#### Task brief:
A word-for-word reproduction of the data below is needed, with no pictures in it.

#### Excerpts from a dataset:
[Start of Attachment]

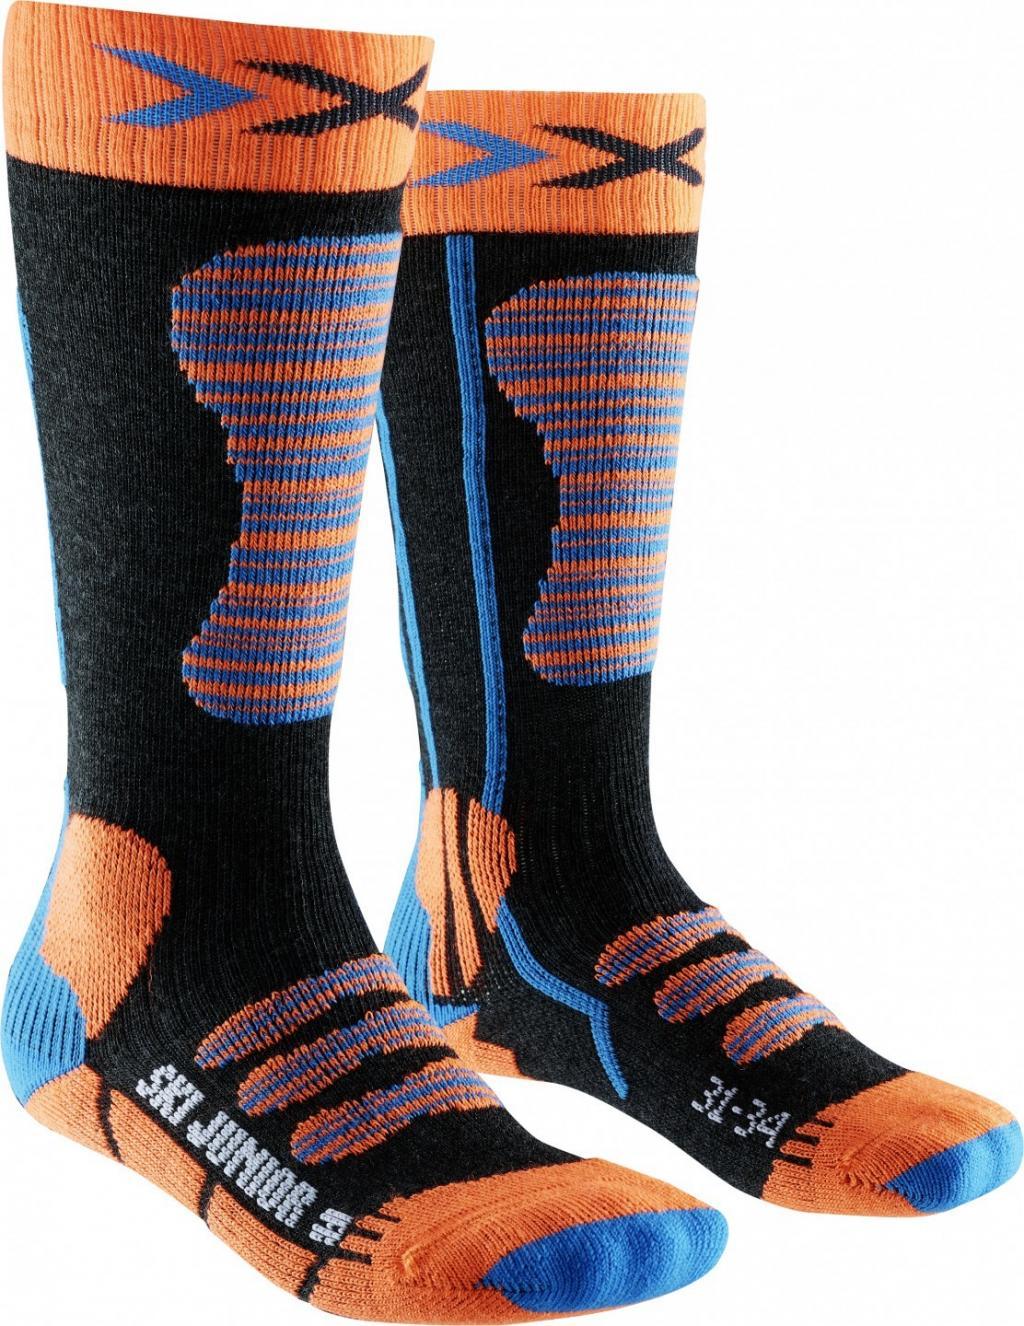 X-Socks Skisocken SKI JUNIOR blau/orange
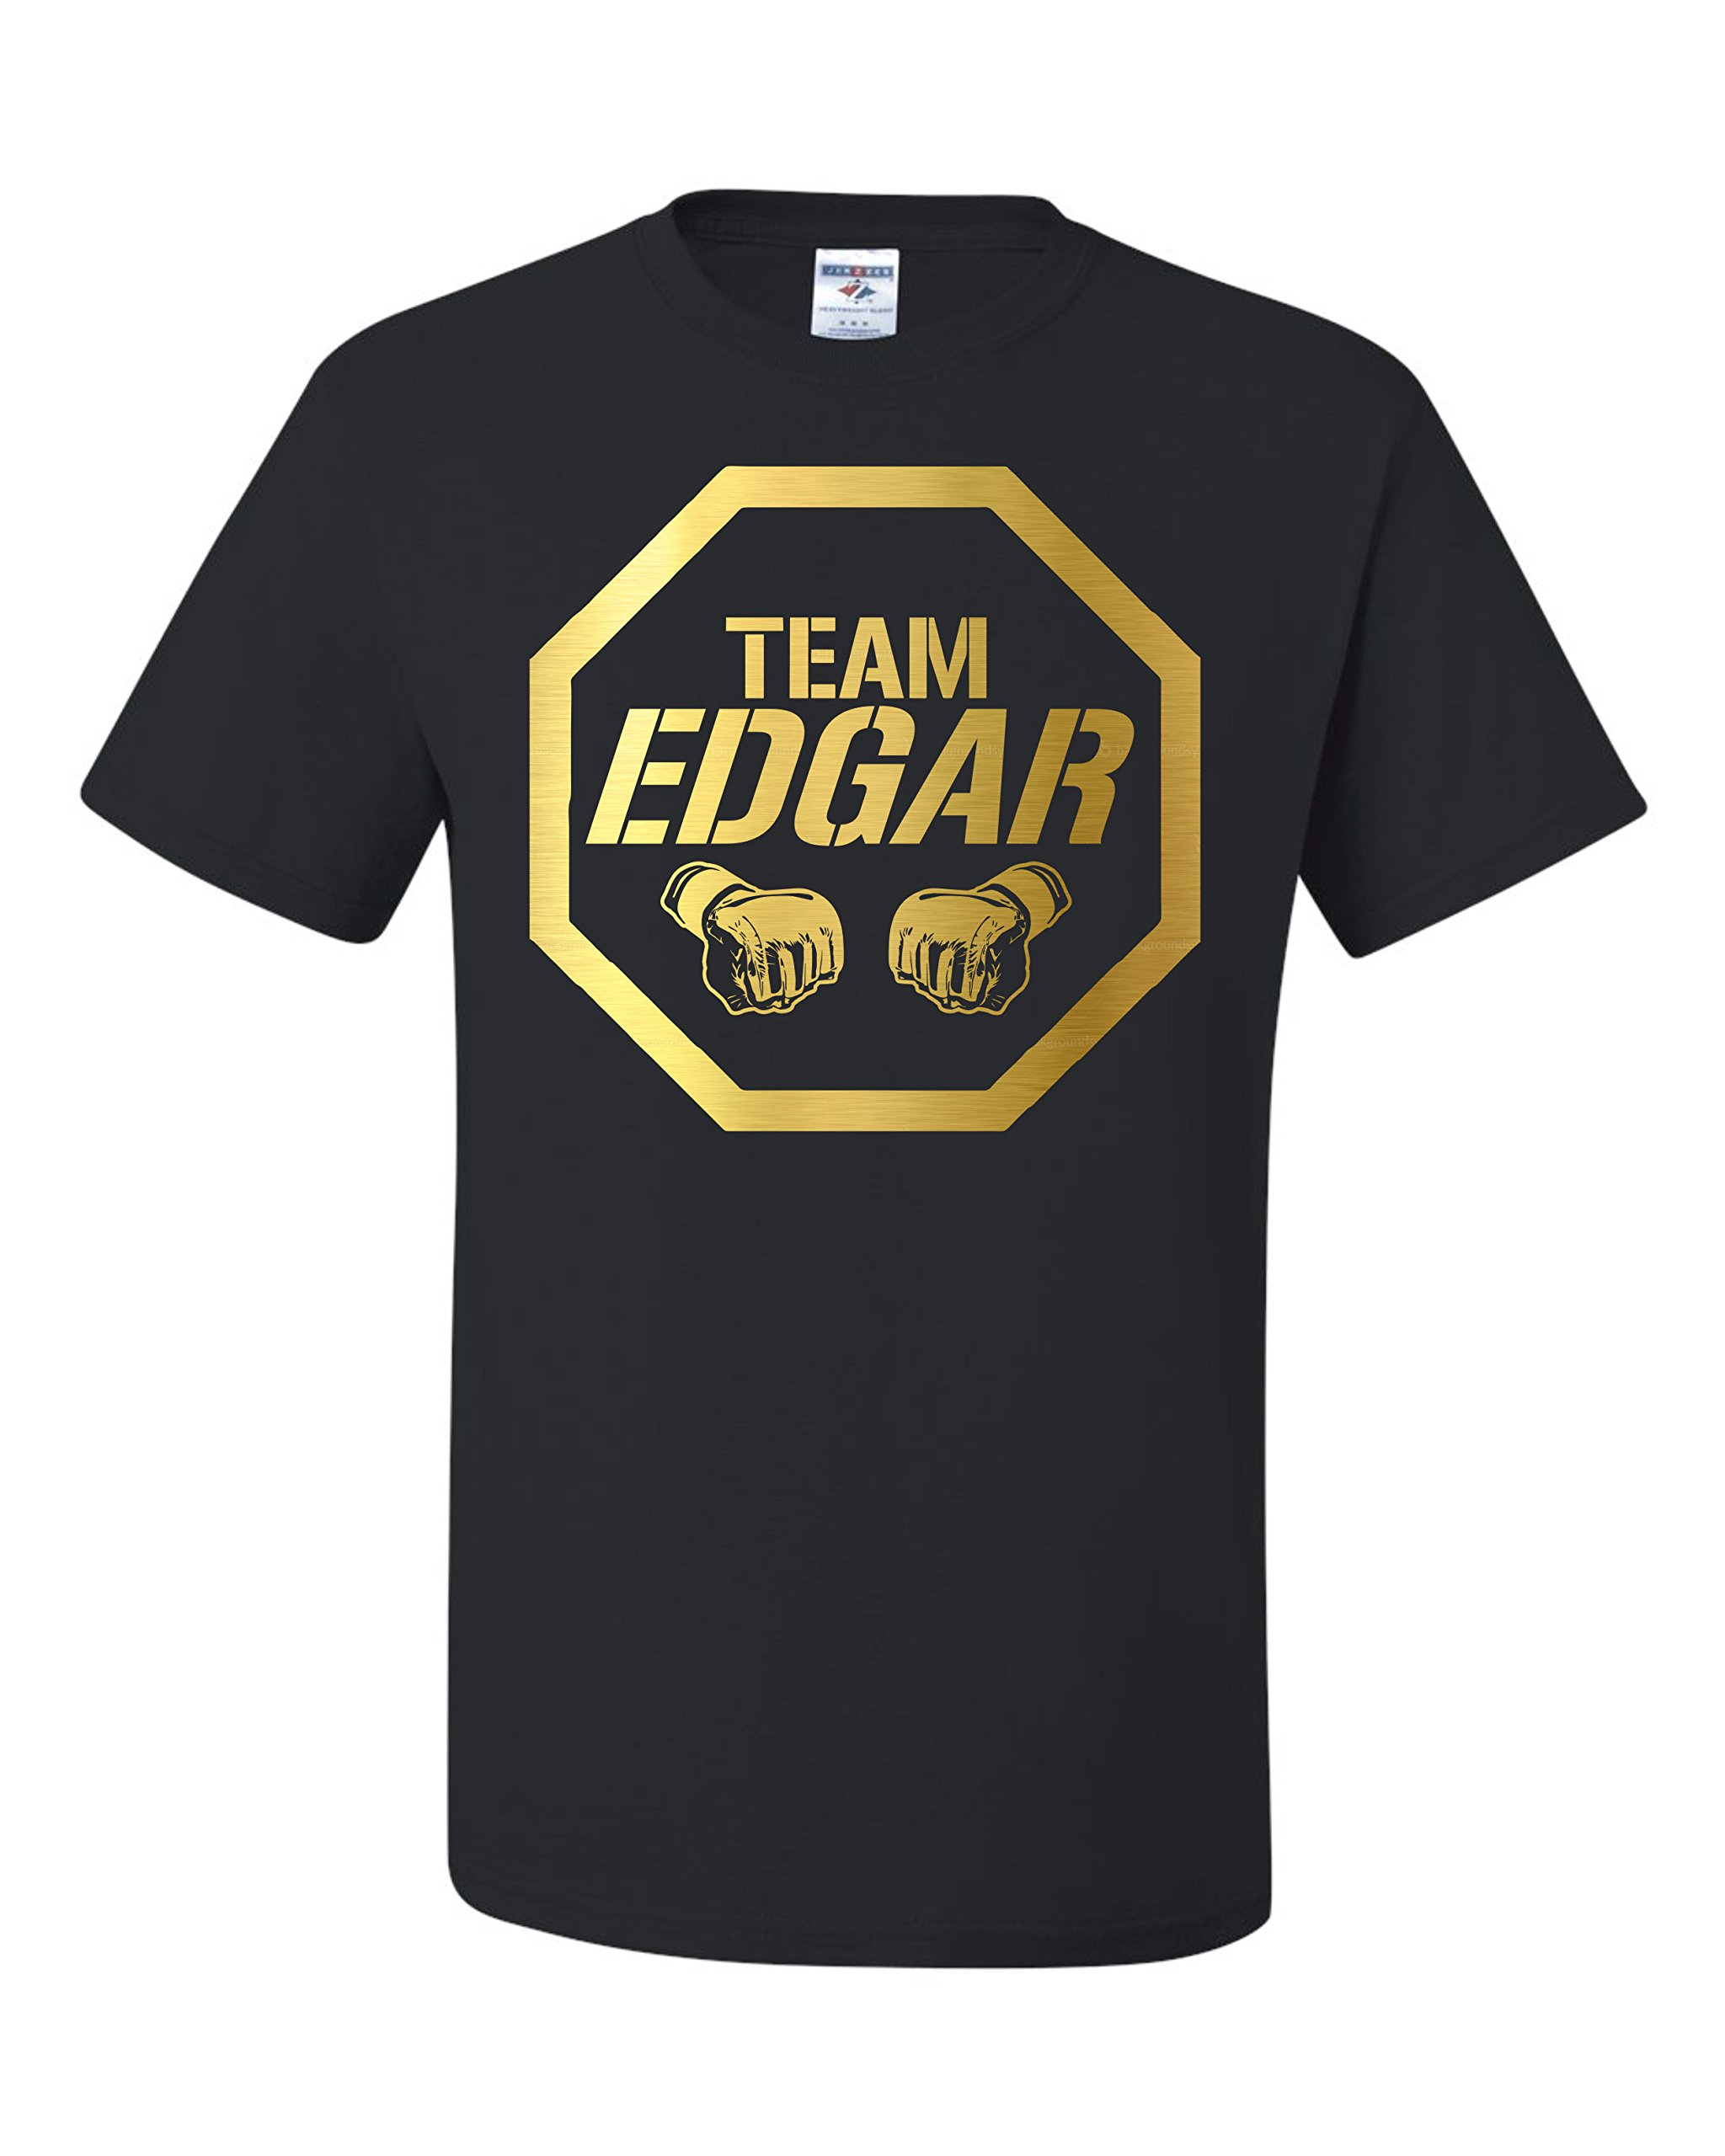 Team Edgar Mma Fighting Frankie Edgar Unisex T Shirt
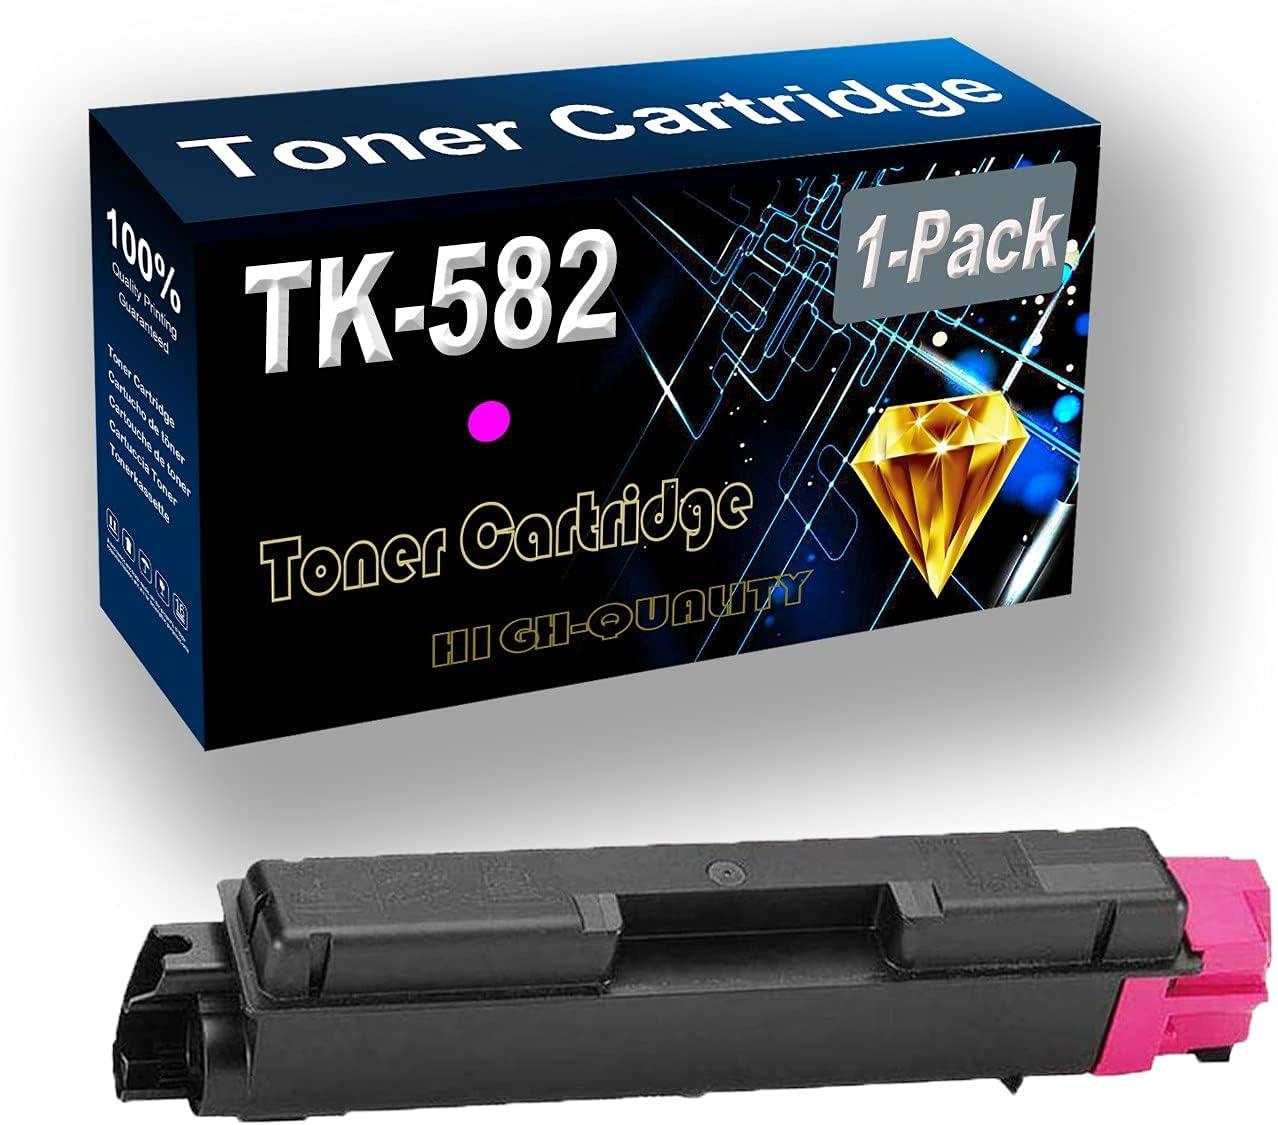 Remanufactured Toner Cartridge Replacement for Kyocera TK-582 TK582   TK-582M for Kyocera Ecosys FS-C5150DN P6021CDN Printer (1-Pack, Magenta)
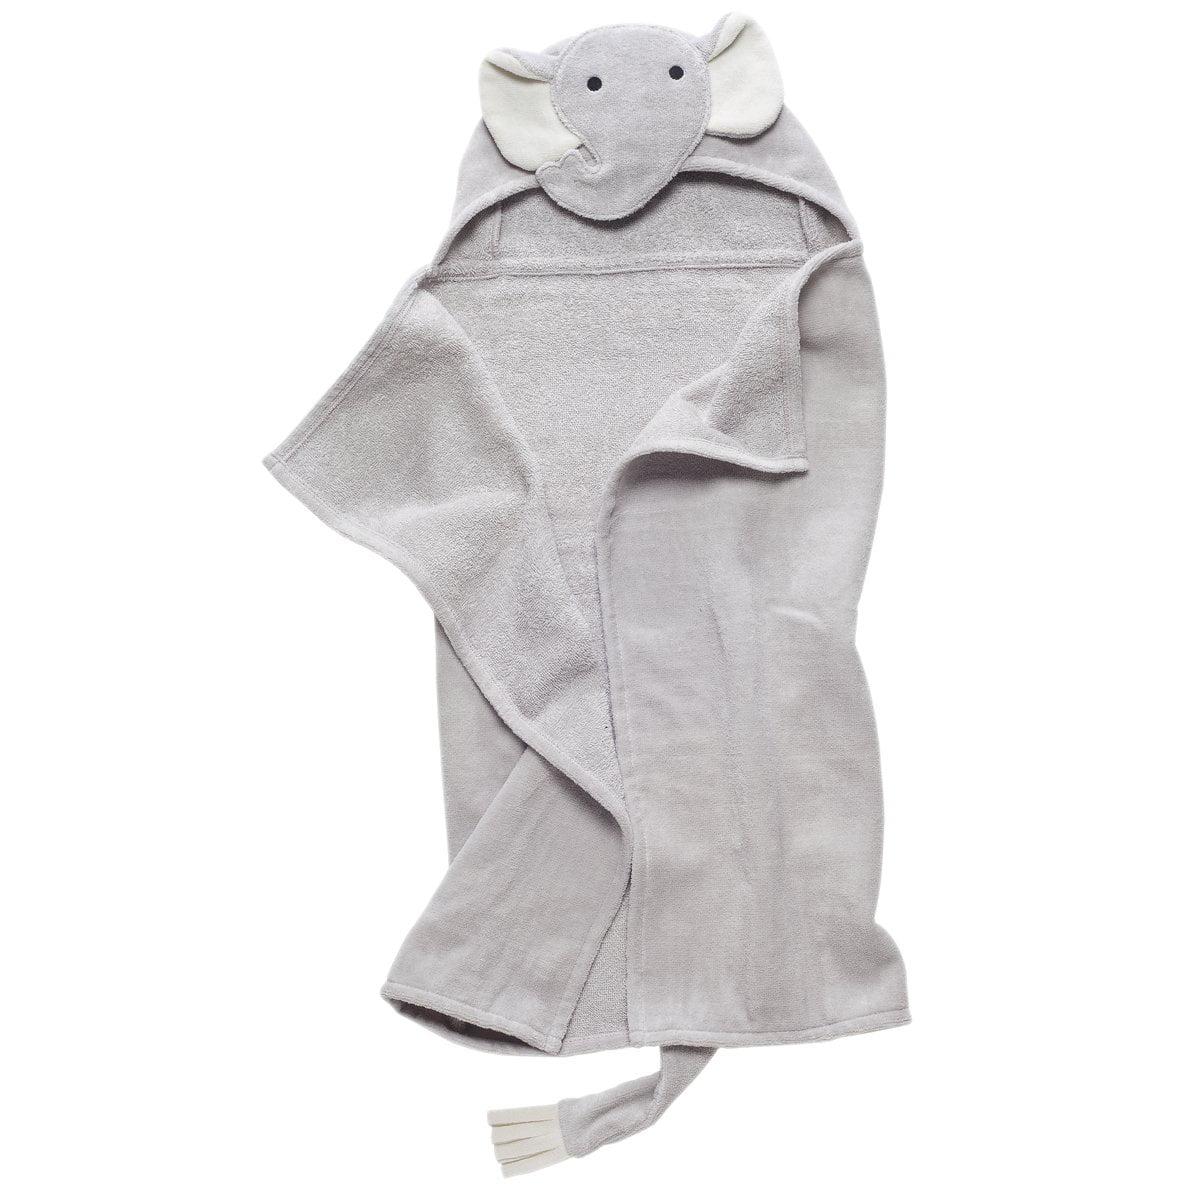 Elegant Baby Bath Time Gift Hooded Towel Wrap Gray Elephant
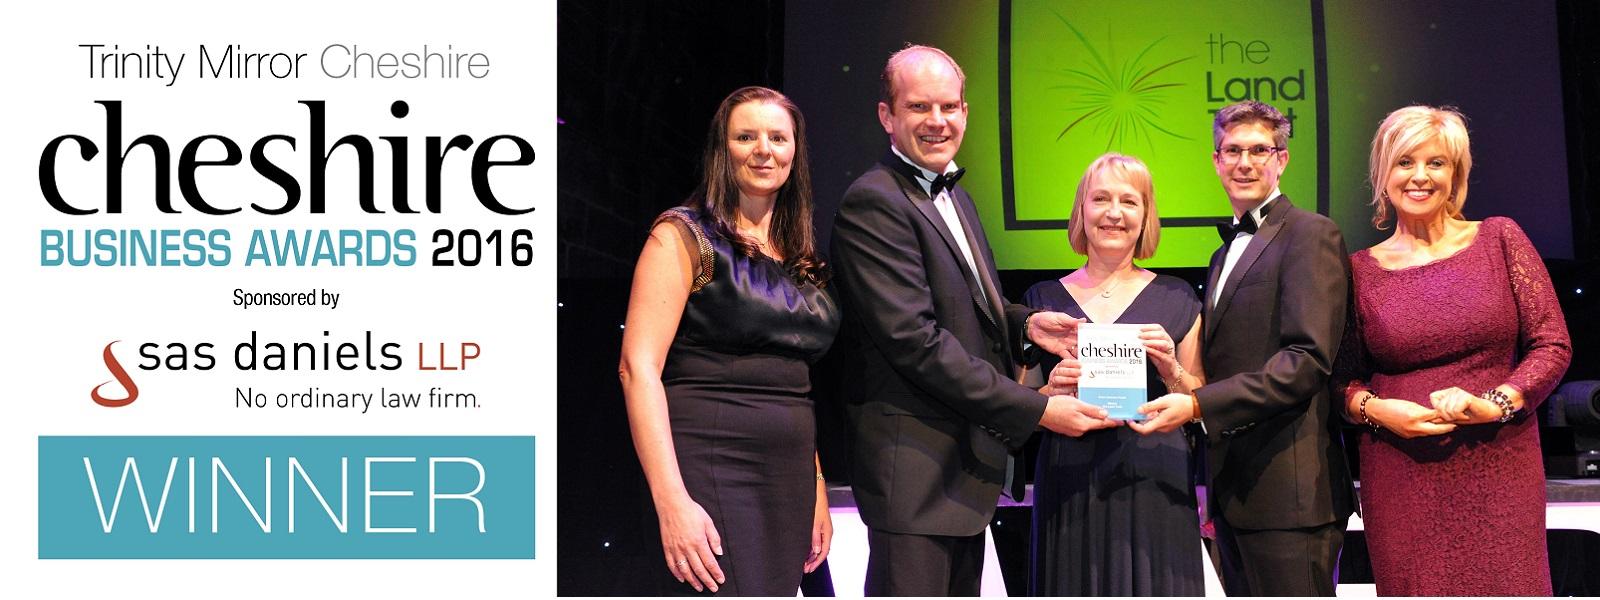 The Land Trust Green Business Award 2016

[End of Attachment]

#### Result for this task:
 X-Socks Skisocken SKI JUNIOR blau/orange
 Team Edgar Mma Fighting Frankie Edgar Unisex T Shirt
 Remanufactured Toner Cartridge Replacement for Kyocera TK-582 TK582   TK-582M for Kyocera Ecosys FS-C5150DN P6021CDN Printer (1-Pack, Magenta)
 Elegant Baby Bath Time Gift Hooded Towel Wrap Gray Elephant
 The Land Trust Green Business Award 2016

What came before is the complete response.